One of the most promising youth players in Man United’s history, Ravel Morrison now finds himself playing football in Mexico’s burning cauldron of a league.

The ecstasy, the bewilderment, the sheer passion. Welcome yourself to the world of Ravel Morrison, the mercurial maestro who reduces grown men to a state of giddiness rarely seen beyond the closed duopoly of Messi and Ronaldo. In a recent Mexican League game, Morrison, an English striker, is seen taking on numerous defenders before scoring a goal for his team Atlas FC, from outside the box, in such an assured and composed manner. This also happened to be against the biggest club side in Mexico, Club America. The commentator during the goal goes into a state of pandemonium, ‘’More Reason, More Reason, More Reason!’ he screams, attempting to pronounce the players name. Ravel Morrison. The enigma who has not taken the typical Englishman’s career route.
‘’This guy was the best young kid that I’ve seen in my life…I’ve never seen a guy look so comfortable on the football pitch, Pogba used to look up to this boy’’ Rio Ferdinand would say in an interview last year about Morrison, with a hint of sadness in his tone of voice. Morrison has been an enigma in the game, a player with bewildering flair that embellished itself in his DNA, yet balanced by a mental fragility that has seen him unable to play at the level his talent undoubtedly warrants.

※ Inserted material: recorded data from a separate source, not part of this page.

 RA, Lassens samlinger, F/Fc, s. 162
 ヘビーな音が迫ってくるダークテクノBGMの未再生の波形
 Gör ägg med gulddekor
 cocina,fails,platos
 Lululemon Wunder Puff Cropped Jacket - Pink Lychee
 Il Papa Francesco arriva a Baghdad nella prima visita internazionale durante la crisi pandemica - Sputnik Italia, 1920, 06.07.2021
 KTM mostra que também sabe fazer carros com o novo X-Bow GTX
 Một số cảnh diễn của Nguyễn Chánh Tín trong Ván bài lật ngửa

In many ways, his story so far bears uncanny resemblance to another former Man United youth product, Adrian Doherty, who played alongside the famed class of 92 and was said to have been naturally more gifted than Ryan Giggs. Yet injuries, and an interest in life beyond football, meant Doherty faded into obscurity, passing away in an accident in 1997 having never made a professional career out of the game. Yet, listen to interviews recorded only last year with Ryan Giggs and Brendan Rodgers, who both played with Doherty, and they still sound in awe of him, remembering even all these years later, what a talent he was, with the same tone of regret that embodies Ferdinand’s comments on Morrison. Class remembers class.